US President Barack Obama spent a few minutes out of his busy Japan visit to speak to the families of Japanese citizens who were abducted by North Korea in the 70s and 80s. He pledged to work closely with the Japanese government to help resolve the issue and bring closure to the families who have not heard from their relatives in decades.
Obama was able to meet with Shigeru and Sakie Yokota, whose daughter Megumi became the symbol of the Japanese abductees after she was kidnapped when she was only 13 years old back in 1977. Her parents were able to meet Megumi’s daughter, Kim Eun Gyong, earlier this year in a rare cooperative move from Pyongyang. Sakie showed the US President pictures of their meeting and he remarked that it must have been amazing for them to meet their granddaughter for the first time. Sakie told reporters afterwards, “We thank the president for meeting us, although he is very busy. I felt he’s really a warm-hearted man.”

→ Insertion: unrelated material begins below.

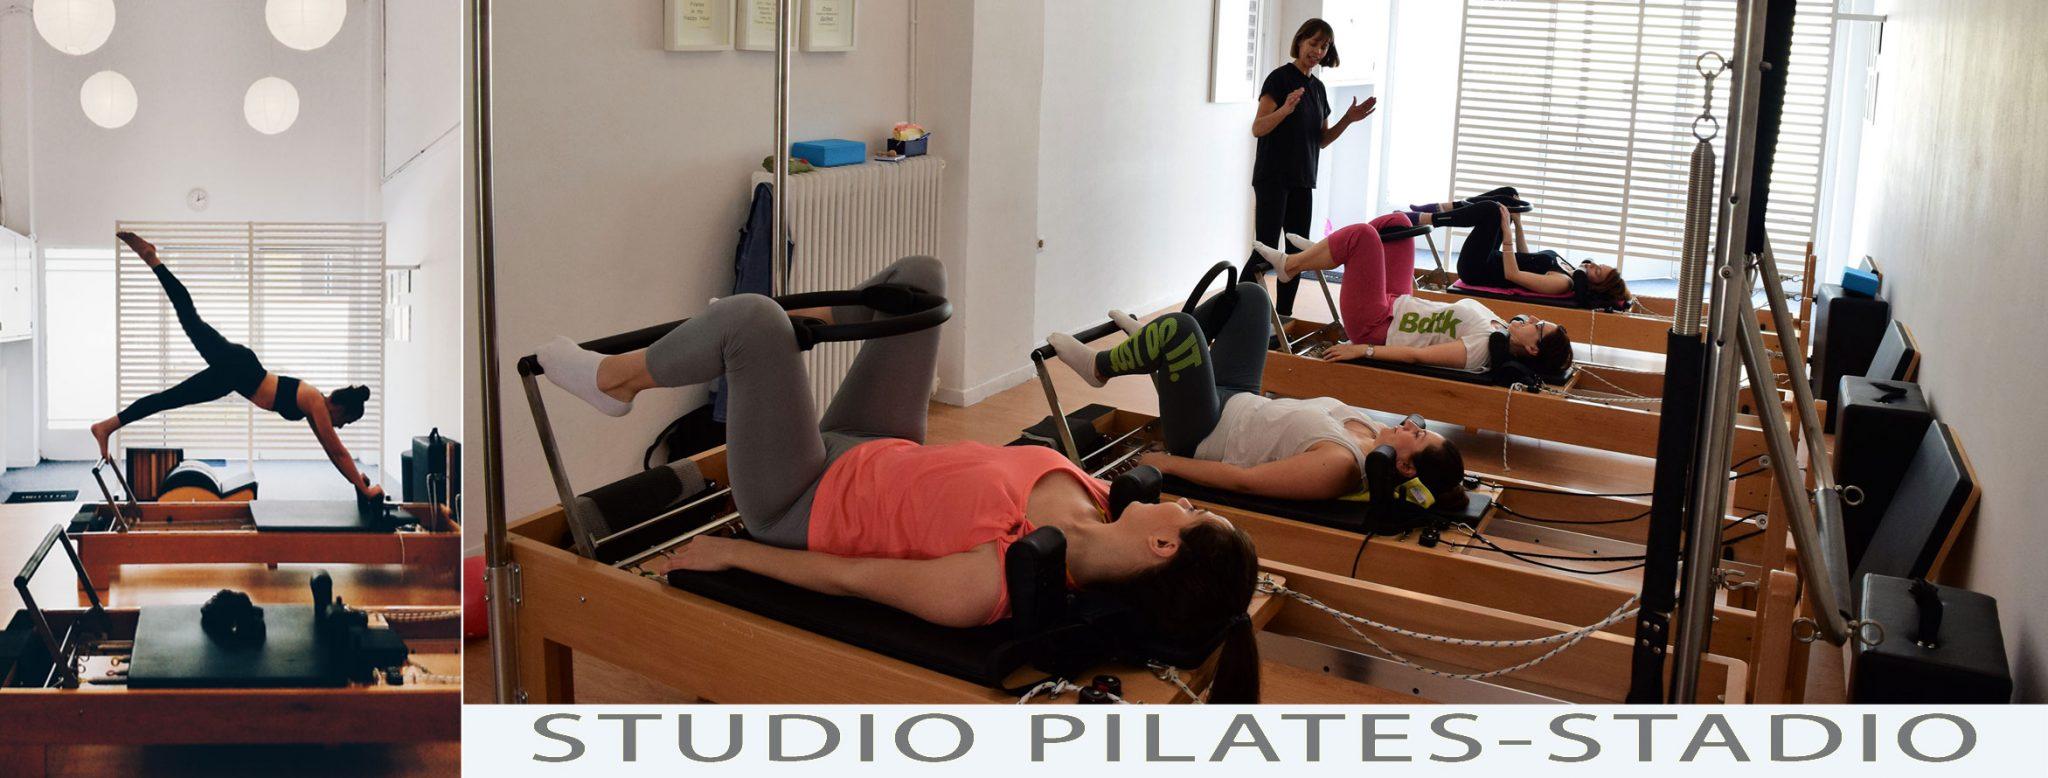 Pilates Μηχανήματα 2

Obama also spent a few minutes talking to Shigeo Iizuka who is the head of the group of families of abductees. His younger sister Yakeo Taguchi was taken by North Korean soldiers in 1978 and hasn’t been heard from since. He implored Obama to support their request for a UN Security Council to come up with a resolution condemning the various human rights abuses in North Korea. “The fact that the U.S. president met with the abduction victims’ families should have an impact in North Korea and the United States,” he said. Japan Prime Minister Shinzo Abe and Keiji Furuya, the minister in charge of the abduction issue, were also present during the meeting.